Failure to Keep Good, Separate Books and Records
Each Series must designate someone as its "agent," which serves similar purposes to a Registered Agent but without the administrative burdens. That agent is generally responsible for opening its own checking account, obtaining credit cards, retaining its own books, records, and bank statements, complying with applicable tax obligations, and other necessary actions to help ensure proper separation between Series for legal purposes.
Improper Separation Between Series
As mentioned above, each Series must keep its own separate records, such as financial statements, tax returns, accounting like QuickBooks, etc. They must also maintain separate bank accounts and credit cards. In addition, each Series must have its own Members and Managers separate from those of other Series. The separation of Series is absolutely critical. Otherwise, a court may find that a Series LLC is really just a single LLC with voidable liabilities for the entire LLC, not each Series separately.
Lack of Legal Compliance
This includes operating the Series LLC in the manner required by law. For example, a Series LLC must file an annual report with the Illinois Secretary of State listing out not only the principal LLC but also each of the Series, designating who their agent is, and identifying its registered agent. If the Series LLC fails to do so, the Secretary of State can administratively dissolve the LLC and cause each Series to become subject to administrative dissolution.

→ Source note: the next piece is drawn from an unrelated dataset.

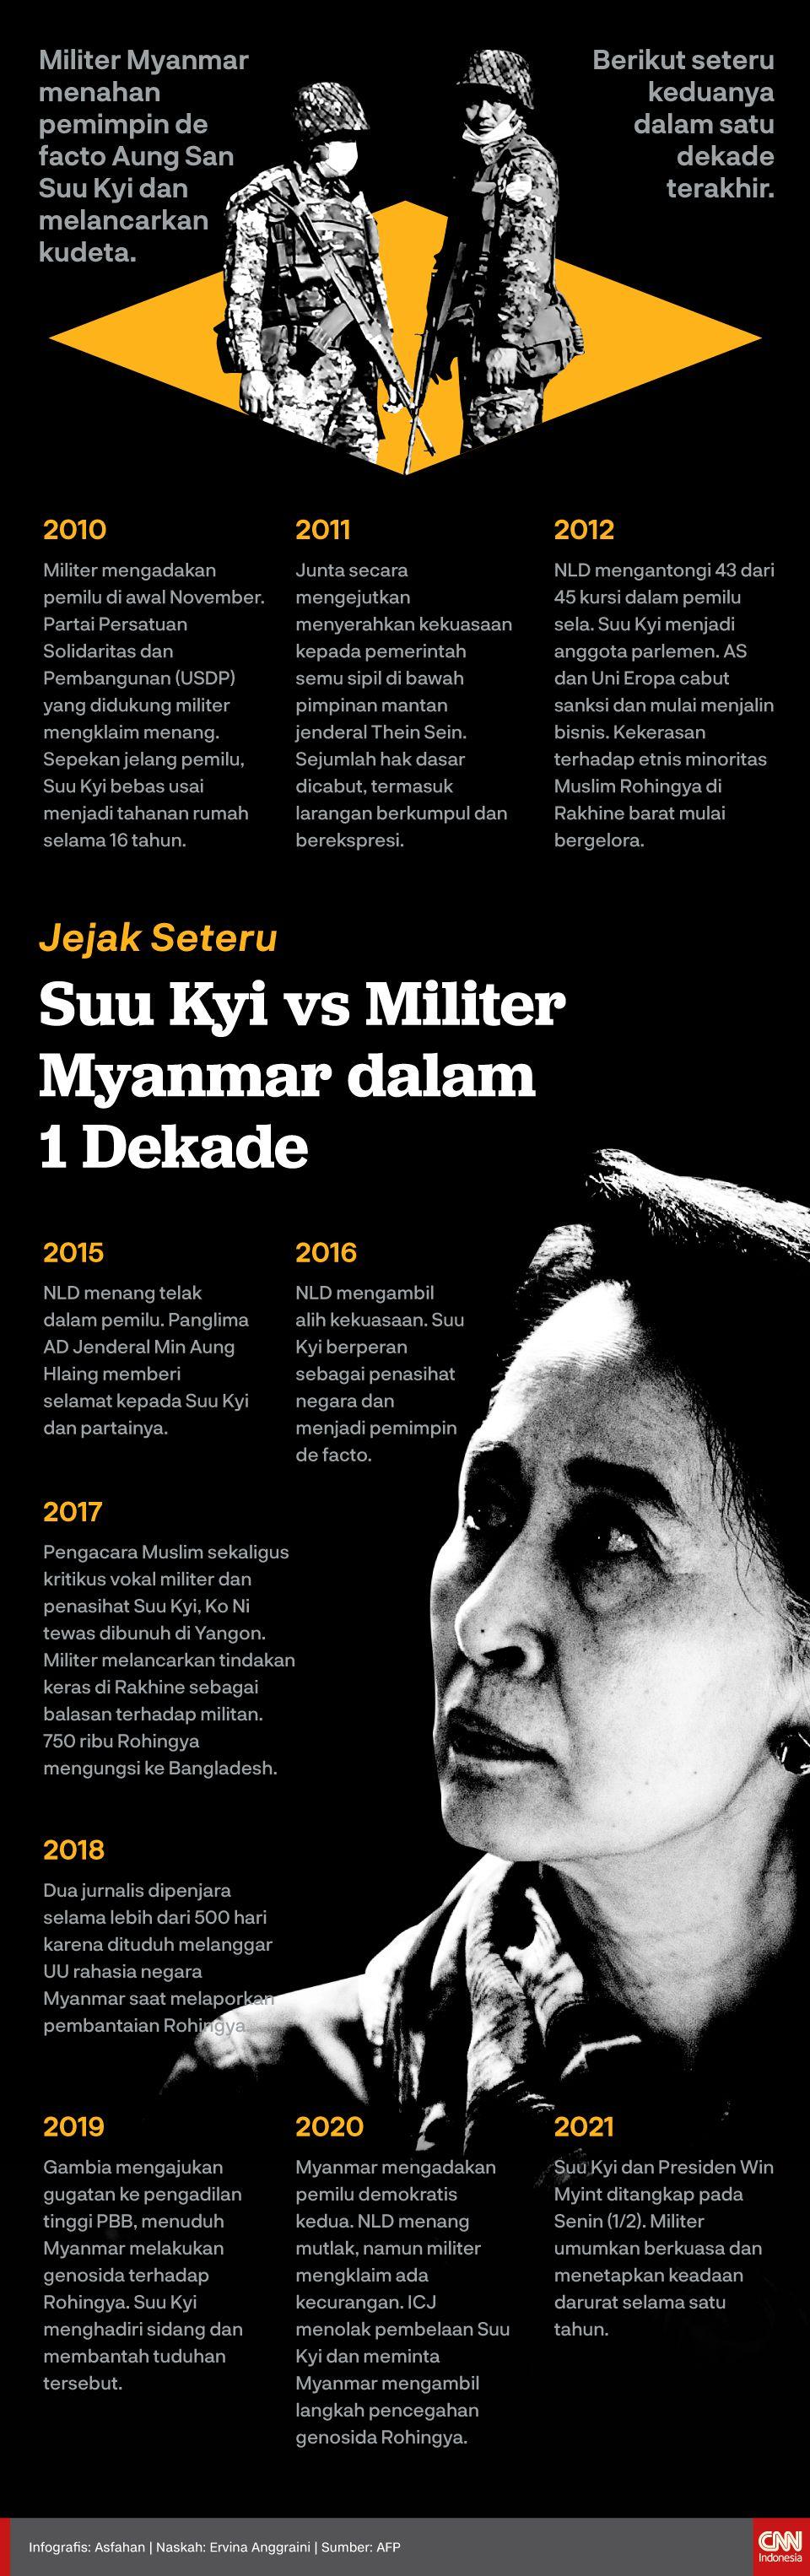 Infografis Jejak Seteru Suu Kyi vs Militer Myanmar dalam 1 Dekade
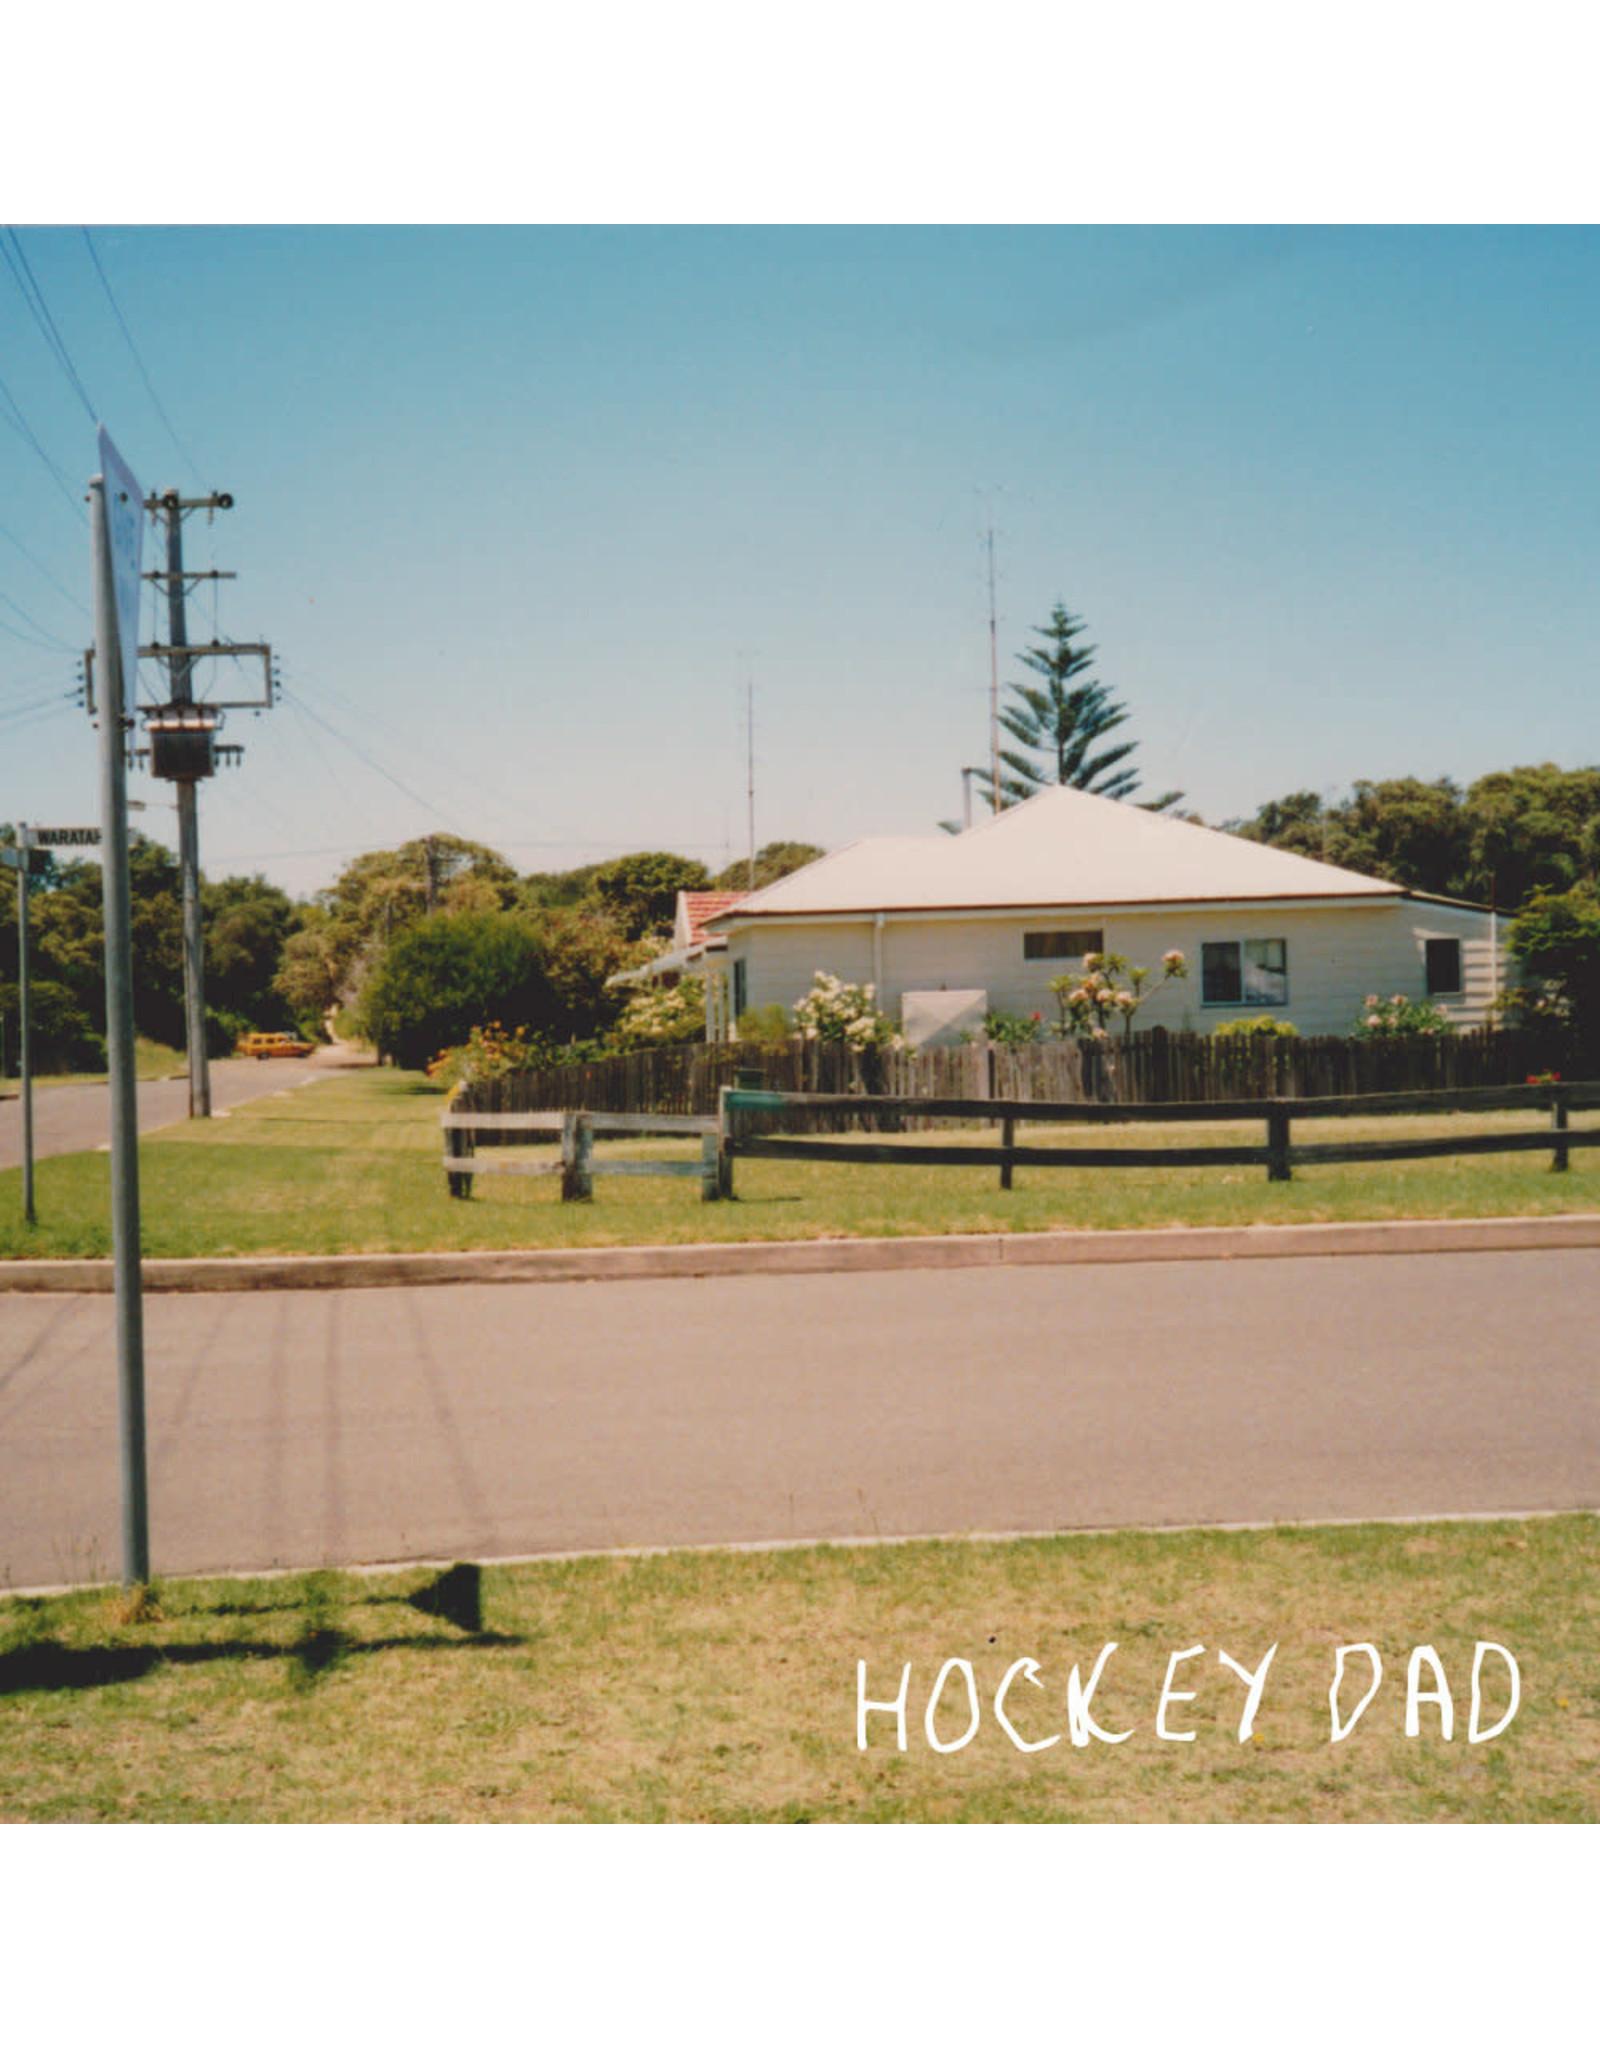 Hockey Dad - Dreamin' LP

How to Amend an Illinois Series LLC Operating Agreement

The need to amend an operating agreement for a Series LLC may arise when there are subsequent Series with different members, the Series is to be reorganized, additional special allocations are added not originally included in the operating agreement or the operating agreement is to be amended to reflect clarity or corrections. In order to amend the operating agreement, the amendment must be signed by all members. The Illinois statute does not require the filing of such an amendment with the Secretary of State . As such, it is important to keep the amendment with the original operating agreement and any certificates of designation for each Series to allow the members to confirm the proper status of the Series and whether the intended amendment has in fact been made. Of course, such an amendment is not required if the terms of the operating agreement already provide for the amendment of the operating agreement as approved by the requisite majority.